How to design a sound level meter based on MEMS?
MEMS are microelectromechanical systems that are fabricated using the same materials (usually silicon) and etching techniques used to make microelectronic circuits. These techniques can build microscale and nanoscale structures with high precision and reproducibility. MEMS microphones are very small but highly sensitive (noise floor typically better than 30dBA). Many MEMS microphones integrate amplification and digital sampling chips at the device level (even chip level), thereby directly providing digital signals and reducing the cost of other parts of the system or instrument. In addition, direct integration of analog-to-digital circuitry at the device level eliminates electromagnetic noise coupled to analog input lines in conventional designs.
MEMS microphones are manufactured using a tightly controlled microetching process, so the individual characteristics of each MEMS microphone are extremely consistent. They are very linear (0.1% total harmonic distortion (HD) or better at 1kHz/94dB SPL) and have a wide dynamic range (typically better than 30dBA to 120dBA).
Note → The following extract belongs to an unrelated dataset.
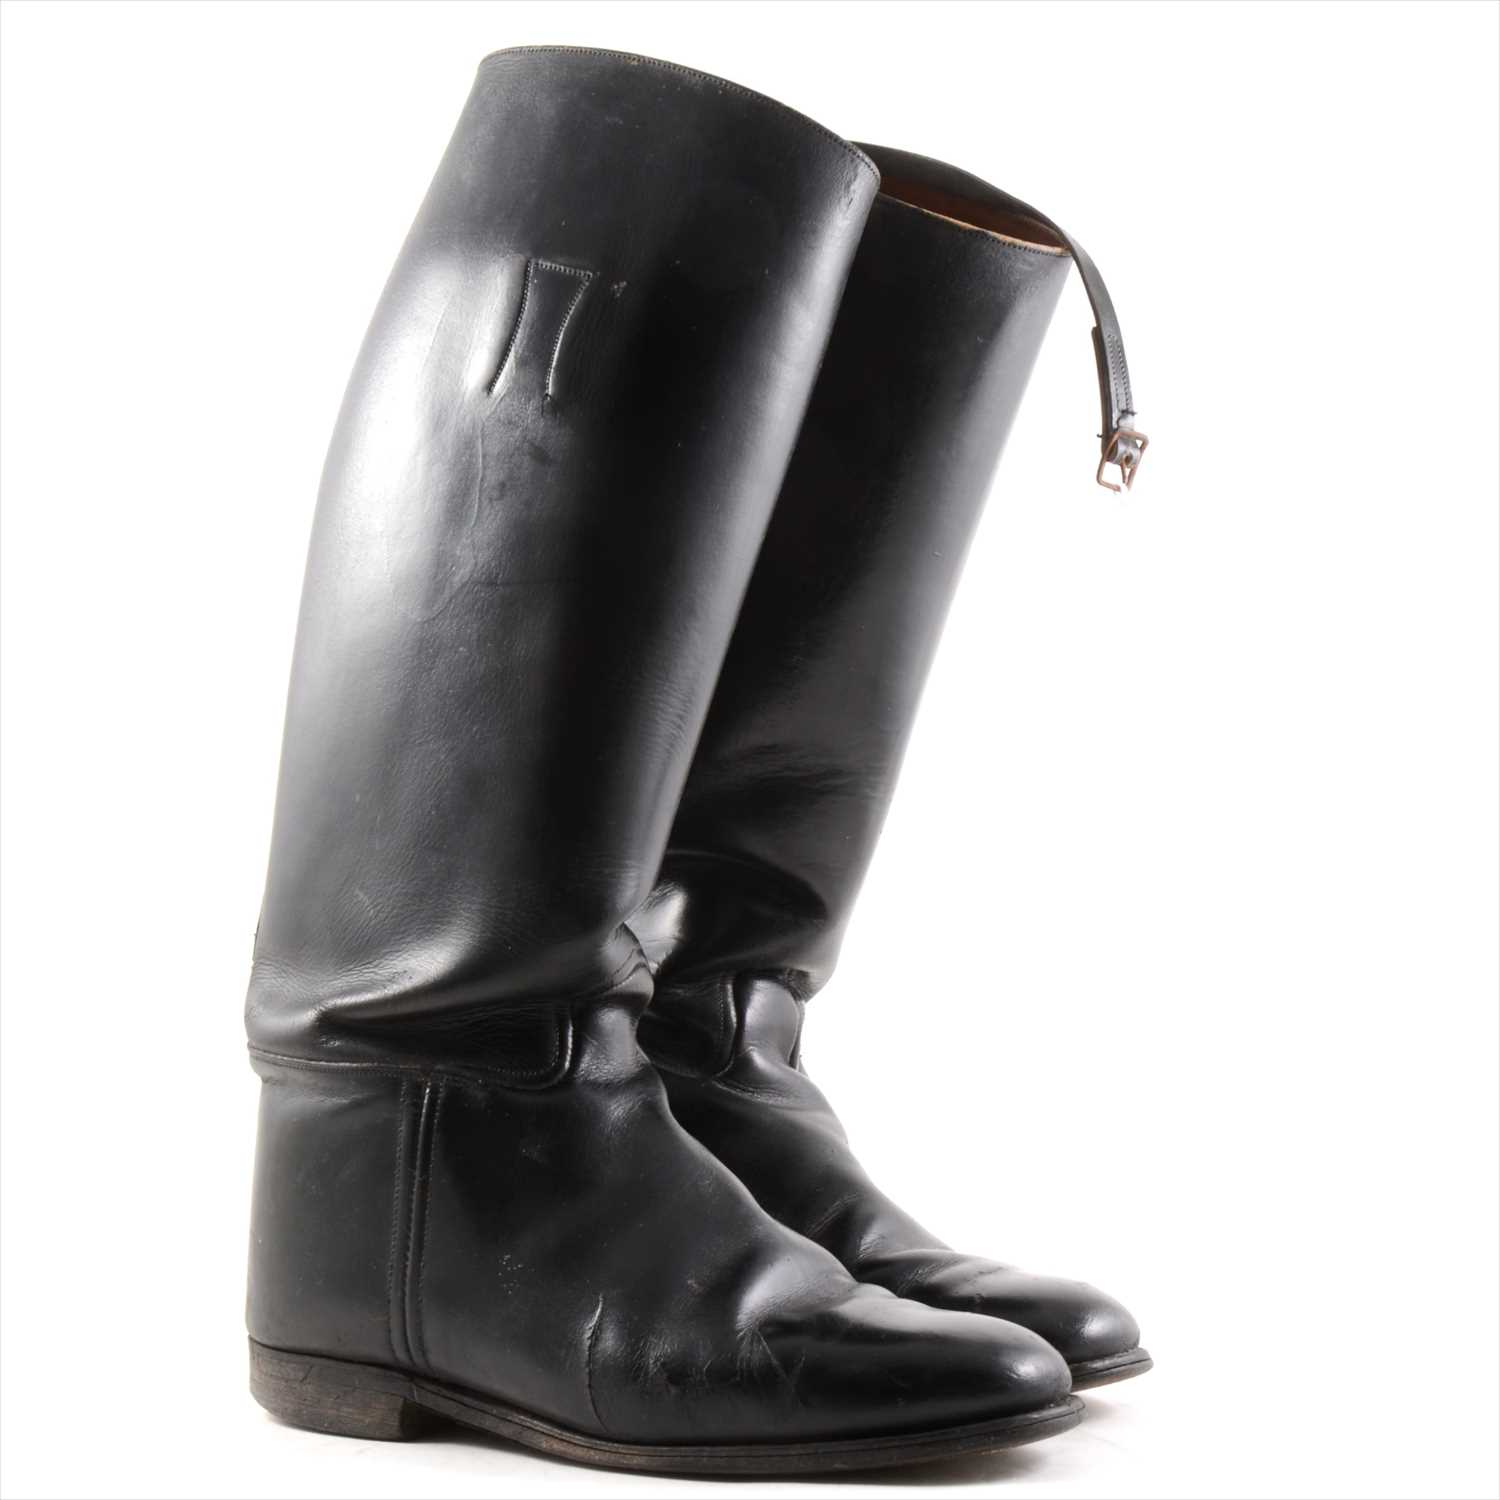 Lot 118 - A pair of lady's black leather riding boots, size 7.

In addition, MEMS microphones have little sensitivity to temperature changes, and likewise, their microphone diaphragms are so small and thin that they are more than 10 times less sensitive to vibration than electrostatic microphones. In addition, MEMS microphones are widely available in the consumer electronics market, so they are also very cheap. Their sensitivity remains very stable over time and usually does not require recalibration to stay within Type I specifications.
These advantages make MEMS microphones ideal for designs. Of course, MEMS microphones have some shortcomings to make up for if they want to design an efficient sound level meter.
Because MEMS microphones provide digital signals at the device level, it is not possible to remove the pressure sensitive cavity from the circuit and test the analog link in isolation. All relevant standards for sound level meters were written in the 1970s and assumed that the sound level meter design consisted of a single microphone cavity driving an analog processing chain or an analog-to-digital converter (ADC) followed by a digital processing chain. This requires the use of electrical signals instead of microphones to test sound level meters. MEMS microphones, on the other hand, complete the analog-to-digital conversion at the device level, which means that even though a sound level meter may have the performance required to comply with a standard, it cannot be tested using the methods specified in that standard.
Due to the very small size of the silicon structures of MEMS microphones, even tiny dust particles can easily enter the microphone cavity and damage them. Extremely high static and dynamic stresses (typically above 160 dB-SPL) can also cause damage to these small silicon structures.
MEMS microphones typically have sharp resonances in the 10kHz to 20kHz range. Correction for this resonance is required so that the frequency response of the sound level meter falls within the limits of the appropriate standard.